Long-time women’s basketball writer Lois Elfman profiles Sue Bird for the Syosset Patch, a Web site covering Bird’s hometown. The focus is on Bird’s year-round basketball schedule, and the break she took from it to spend time at home in New York this winter.
“I can go to an island and sit on the beach almost anytime,” said Bird before heading back to Moscow for her sixth pro season in Russia. “The one thing that I feel like I miss out on in life is really being around people—my friends, my family.”
So she spent October through December just being around home—dividing her time mostly between her mother’s Syosset home and New York City, where her older sister lives.

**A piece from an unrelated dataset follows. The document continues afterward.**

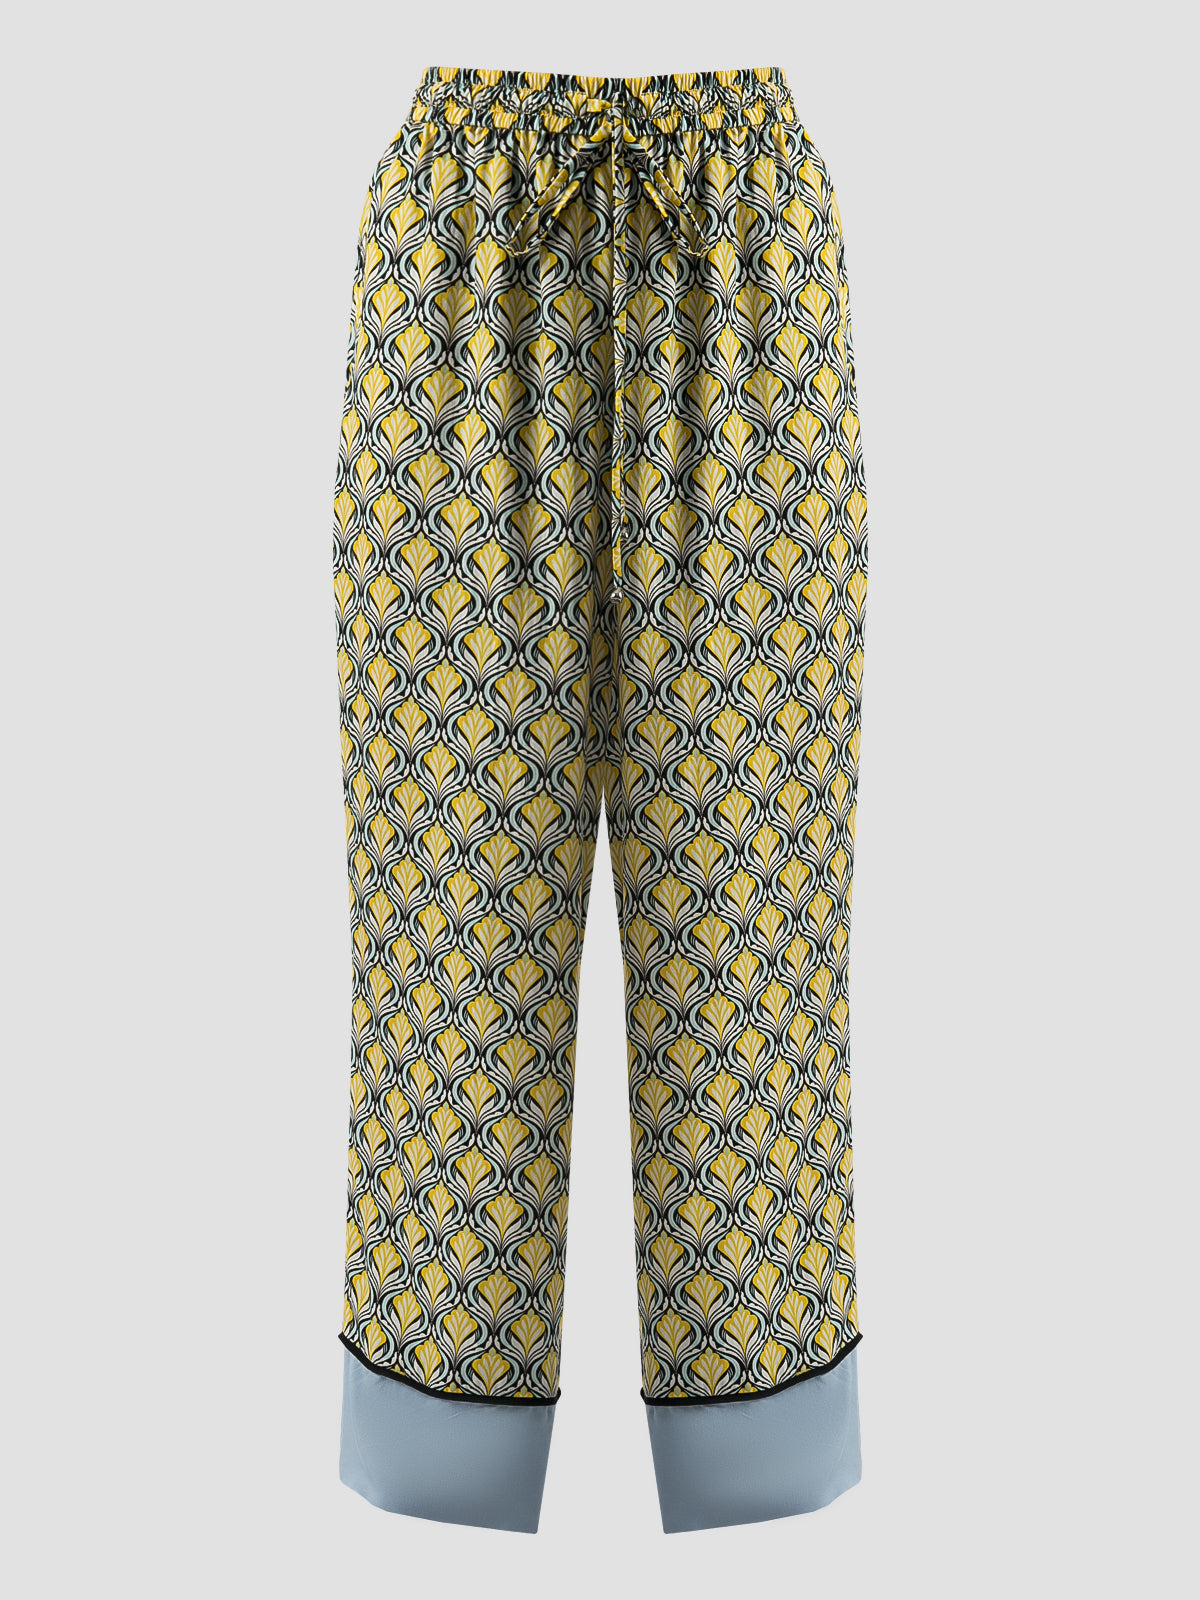 Biva Long Pants In Yellow-Black

“Something as small as my sister and the New York City Marathon, which she ran for the first time,” Bird said. “I got to see it. She got engaged, as did my best friend. I was able to celebrate with them. It’s the little things you miss when you’re away so much. Other than letting my body rest, that’s really what I wanted to do. I just wanted to be around.”
Down in Australia, as the WNBL campaign winds down, the media is wondering whether Lauren Jackson will be back for another season Down Under.
“After this season I will be heading back to America to live in Seattle and play for the Storm in the WNBA,” Jackson told The Daily Telegraph.
“But if I can get another contract – a big contract – here in Australia I’d be home in a heartbeat. If Canberra can come up with the money I’d stay.”
Carrie Graf, the former Storm assistant coach who is the head coach of the Canberra TransAct Capitals, isn’t counting on having Jackson next year. “The starting offers in Europe will be well over double that [what Jackson is being paid this season],” she said, “and I just don’t think that money is around in Canberra.”
The Daily Telegraph also reports that when the Capitals take on the Sydney Uni Acuvue Flames this weekend, it will be Jackson’s first game in Sydney since January 2004.